Visit the Evidence Files Facebook and YouTube pages, including the latest podcast episode; Like, Follow, Subscribe or Share!; Like, Follow, Subscribe or Share!
***Note: this article discusses cyberattack techniques and links to tools that malicious actors could use to commit crimes. These tools are linked because while they can be used for evil, they are also used by professionals working to prevent attacks and the harms that result from them. These are publicly available resources. I take no responsibility for anyone who may choose to use them illegally. For those with the proper intent, please make sure the access to or use of such tools does not violate any laws in the jurisdiction in which you live or work.***
Malware is so ubiquitous across our increasingly-connected world that legions of people now spend their entire days trying to find it. In addition to searching for malicious programs, threat hunters also work to identify their creators or users. Because attackers tend to try to cover their tracks, analysts often start with only bits of information (both literal and figurative) from which they engage in a sort of detective work to piece together clues to reach a positive identification. While analysts who are particularly skilled at what they do will employ numerous methodologies, this article discusses one in particular—hashing. I chose this topic because in one of my own cybersecurity classes, I discovered that students did not fully comprehend the variety of ways hashing can assist in cybersecurity and malware analysis. In part, this article is for them.
Hashing Basics
Cryptographic hashing, put simply, is a mathematical process for converting data into a unique string of letters and numbers. The algorithm used in the conversion determines the length of the output string. In other words, a specific hashing algorithm will always produce the same-sized output string regardless of the amount of content hashed. Hashable data includes essentially anything—letters, numbers, and other characters. Likewise, the file type makes no difference. One can calculate a hash value for a document, video, audio recording, or whatever else. To produce fixed-length outputs, the hashing process first breaks the target data into blocks. It then calculates the hash value of each block, combining them one-to-the-next until it reaches the end of the dataset. The key aspect of hashing lies in its consistency—identical data will produce an identical result every time if hashed using the same hash function.
For example, using the SHA-11 hash function, the word hello produces a value of:
AAF4C61DDCC5E8A2DABEDE0F3B482CD9AEA9434D
The result will remain the same irrespective of the tool used (at least it should if the tool is calibrated correctly), as long as the same function is applied. SHA-1 creates a 160-bit output value, displayed above and below. Any other input of any size run through the SHA-1 hash function will still produce an output of 160 bits. Here is an example:
8749A92A9941F1DD4815F10CC4A72197AB4E79C6
This value represents the SHA-1 hash result for the entire first paragraph of this article. Note that both outputs are 40 characters long. Within the output, each pair of characters represents a byte of data, articulated in hexadecimal.
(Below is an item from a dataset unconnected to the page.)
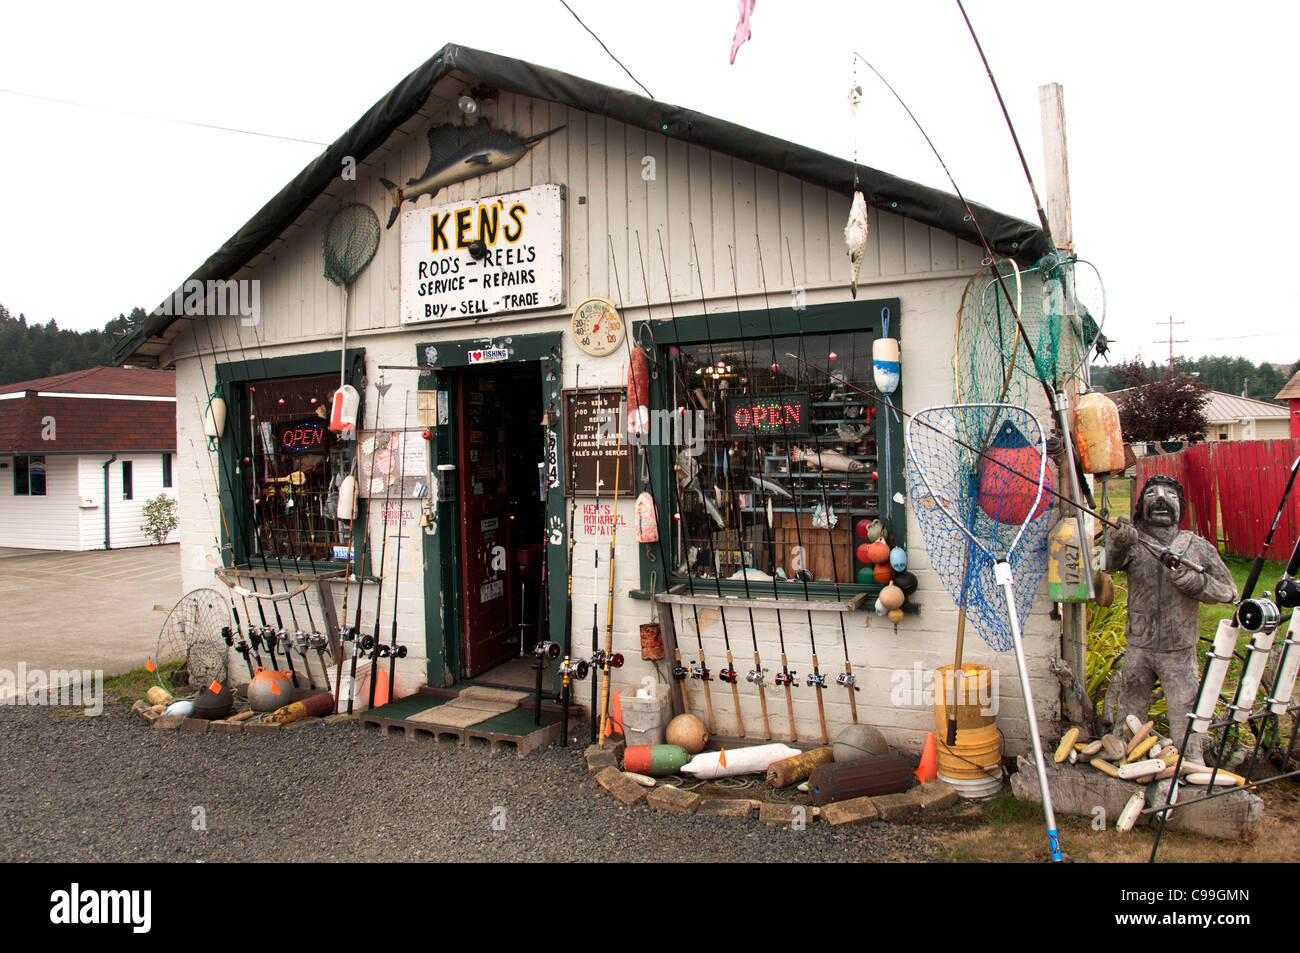 Ken's Rod's Reel,s Fish and Tackle shop Reedsport Oregon United

The obvious value of cryptographic hashing is that it will reveal whether two large datasets are identical. The change of even a single bit will radically alter the hash value. To display this, here is the SHA-1 hash value output of the entire first paragraph again, but this time without the last period (the dot after ‘for them’).
572831FA493002910C6F6929CB46CD9EBD7893F6
As this example shows, the output changes considerably with even the smallest alteration from one dataset to the next. Thus, if two very large files are exactly the same, their hash value output will also be the same. This makes the comparison of two large datasets or files extremely fast. The illustration of the hash of the first paragraph with and then without a single period reveals, however, that two very large files need only one character—any character—to differ, and the hash value outputs will differ substantially. For analysts, this complicates matters when examining malware for telltale signs because attackers need only to tweak their code a tiny bit to evade a cryptographic hash analysis.
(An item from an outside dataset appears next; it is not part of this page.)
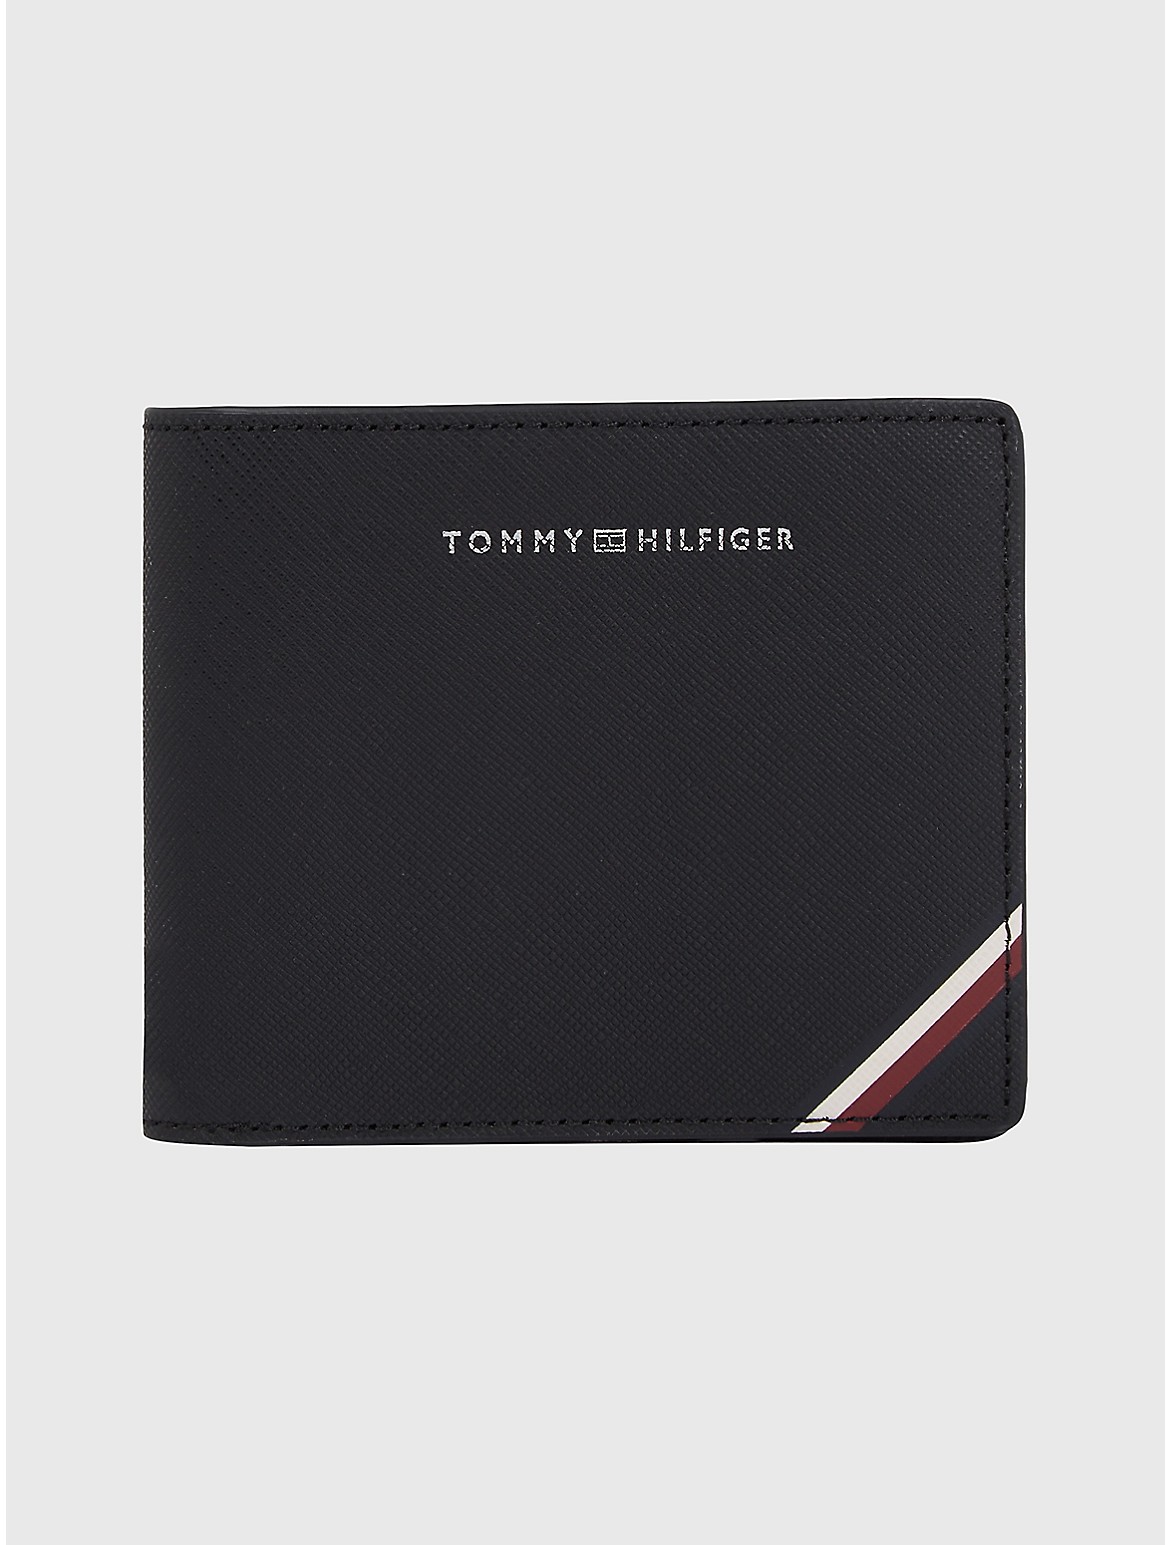 Tommy Hilfiger Men's Stripe Leather Wallet with Coin Pocket - Black

So How Can Malware Analysts Utilize Hashing?
In opening, this article noted that investigations of breaches and other malware-related incidents often start with limited data—or clues. Analysts, like any crime solver, seek to answer rather basic questions: what happened, how did it happen, when did it happen, why (or with what) did it happen, and who did it? The answer to many of these often begins by identifying the tool employed in the attack—the malicious program or file. Knowing the program used, analysts have an easier time figuring out the remaining questions because that knowledge directs them where to look. For instance, identifying known malware on a system might uncover the person or entity behind the attack if that person ‘took credit’ for a previous attack using the same program, or had been busted by authorities for using it before. In other cases, positively identifying malware on a system will enable analysts to profit from the research of others to determine what the program does or how to remove it. Moreover, identifying malware and employing a hash analysis allows analysts to search for wherever else it might be available on the internet or dark web.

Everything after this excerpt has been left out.